* What to work on *
Please give the whole listing again word for word, and drop any pictures it holds.

(Beginning of Input data)

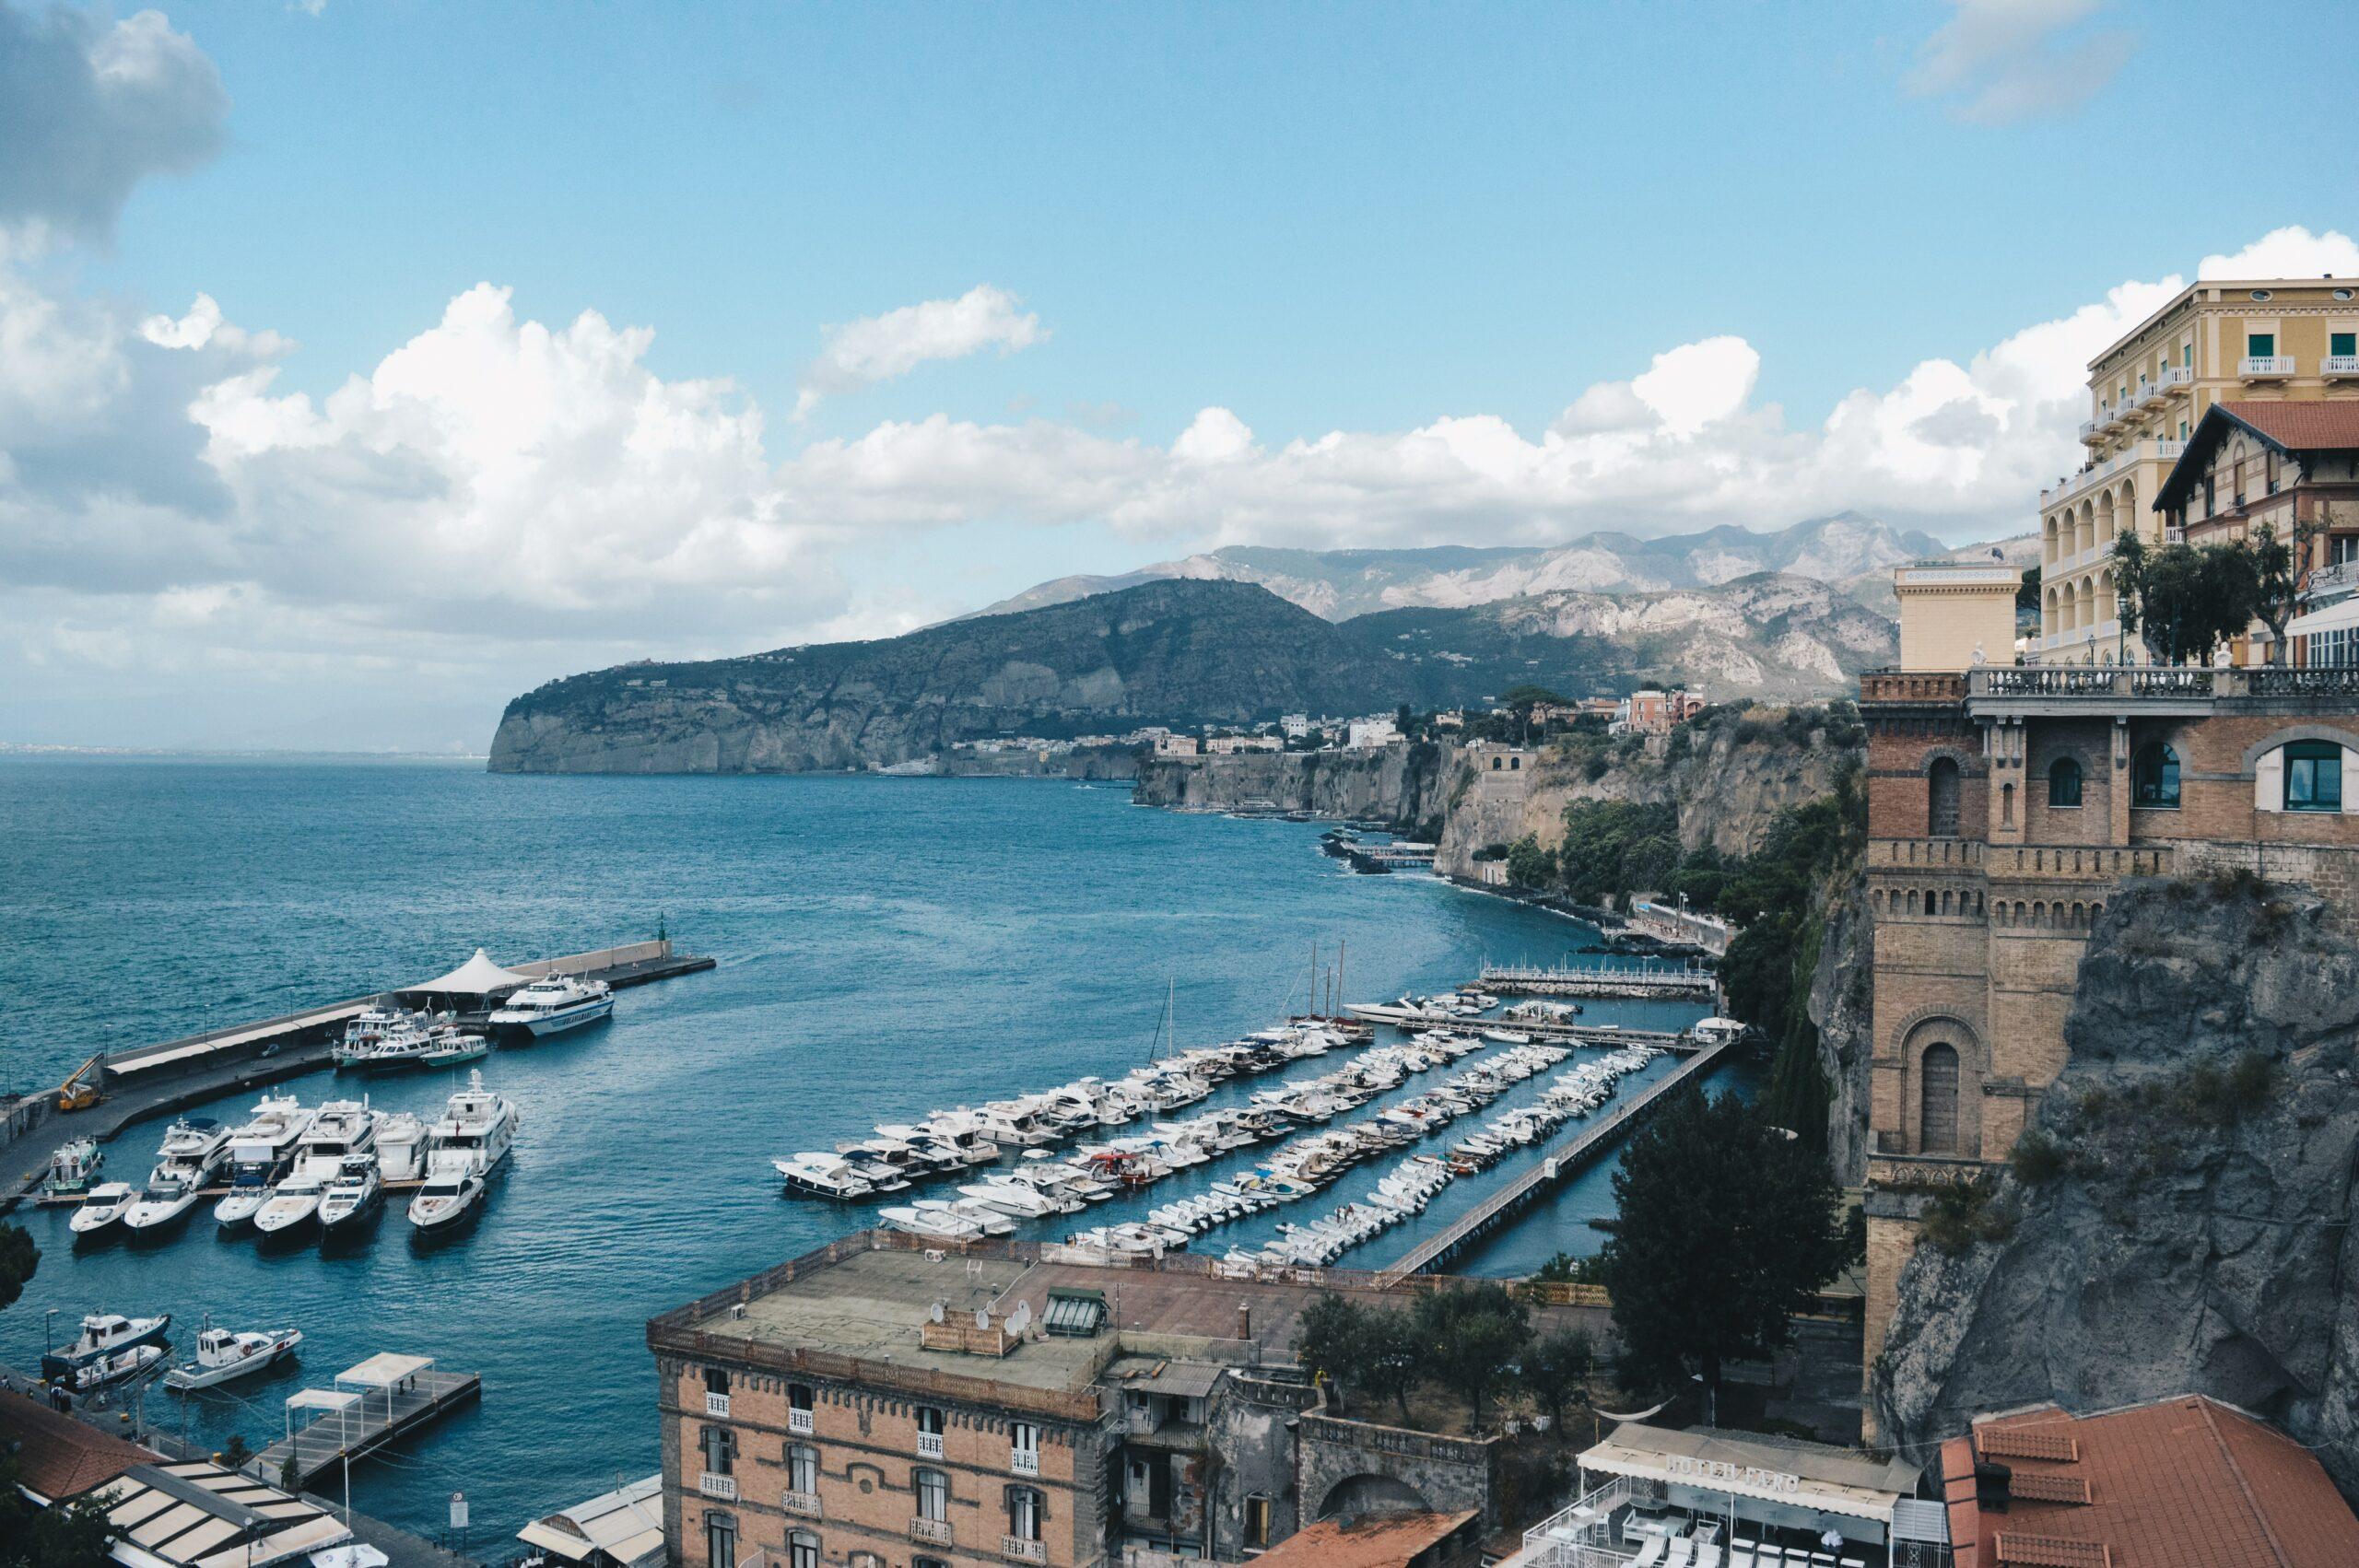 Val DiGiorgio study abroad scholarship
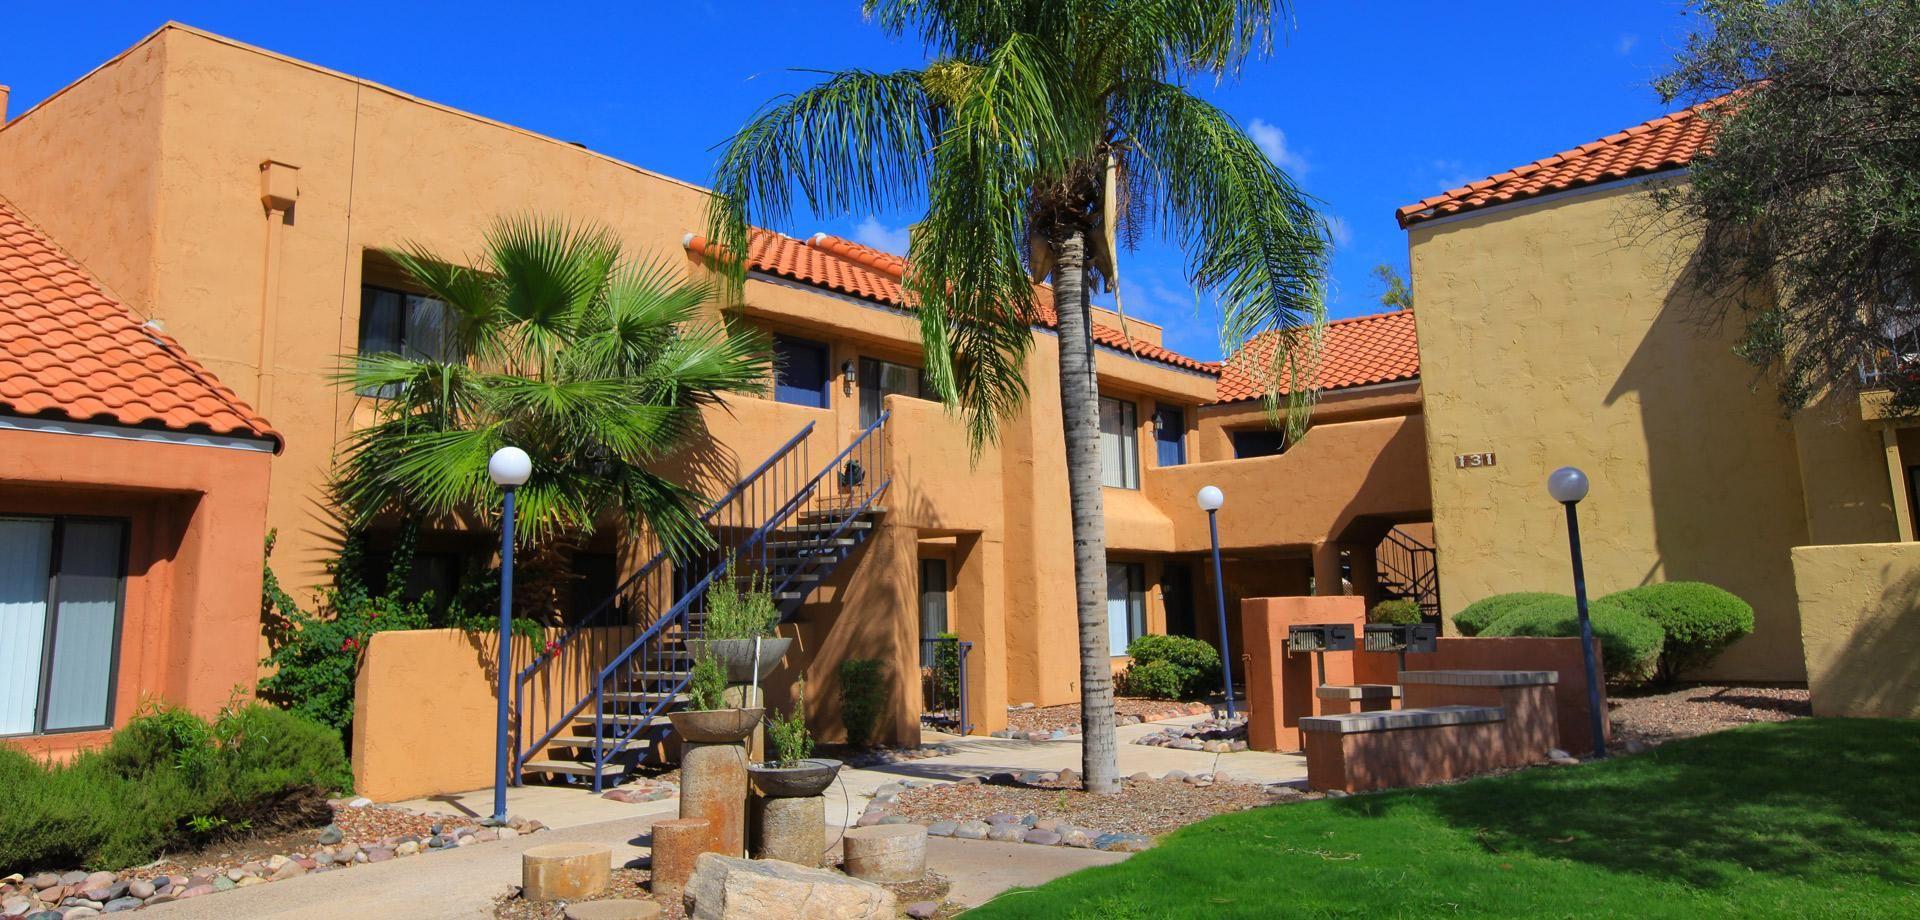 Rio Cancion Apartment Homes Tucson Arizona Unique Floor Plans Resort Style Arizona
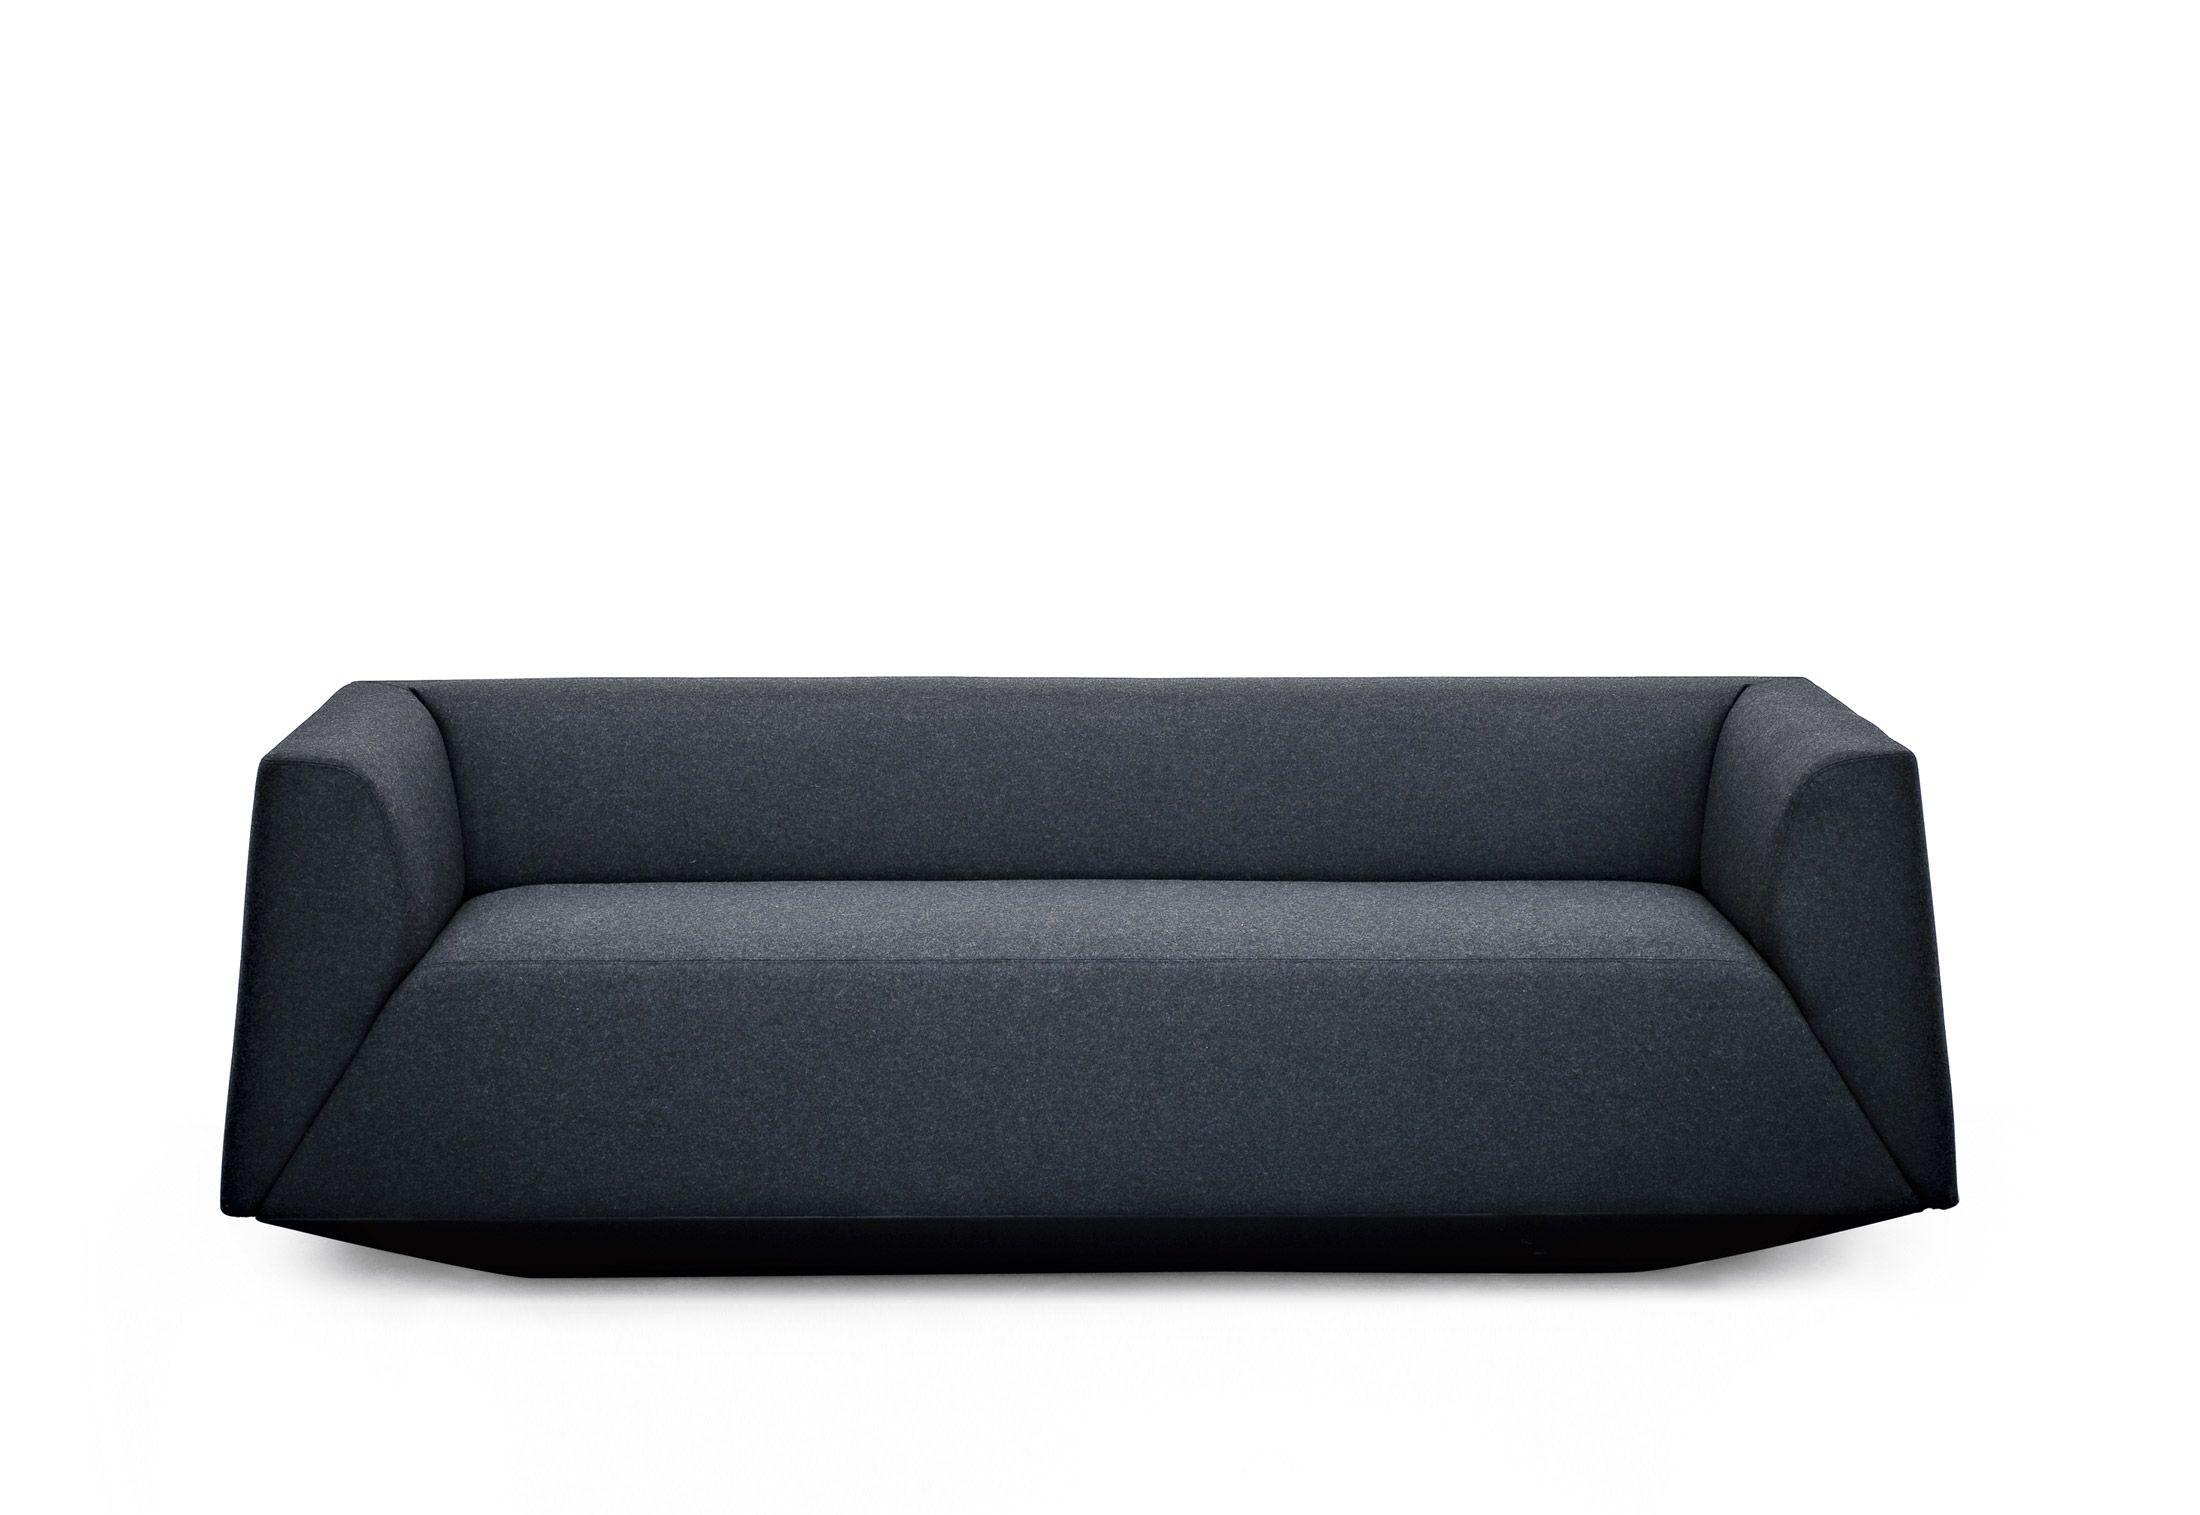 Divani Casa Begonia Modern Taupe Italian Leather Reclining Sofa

(End of Input data)

* Result of the task *
 Val DiGiorgio study abroad scholarship
 Rio Cancion Apartment Homes Tucson Arizona Unique Floor Plans Resort Style Arizona
 Divani Casa Begonia Modern Taupe Italian Leather Reclining Sofa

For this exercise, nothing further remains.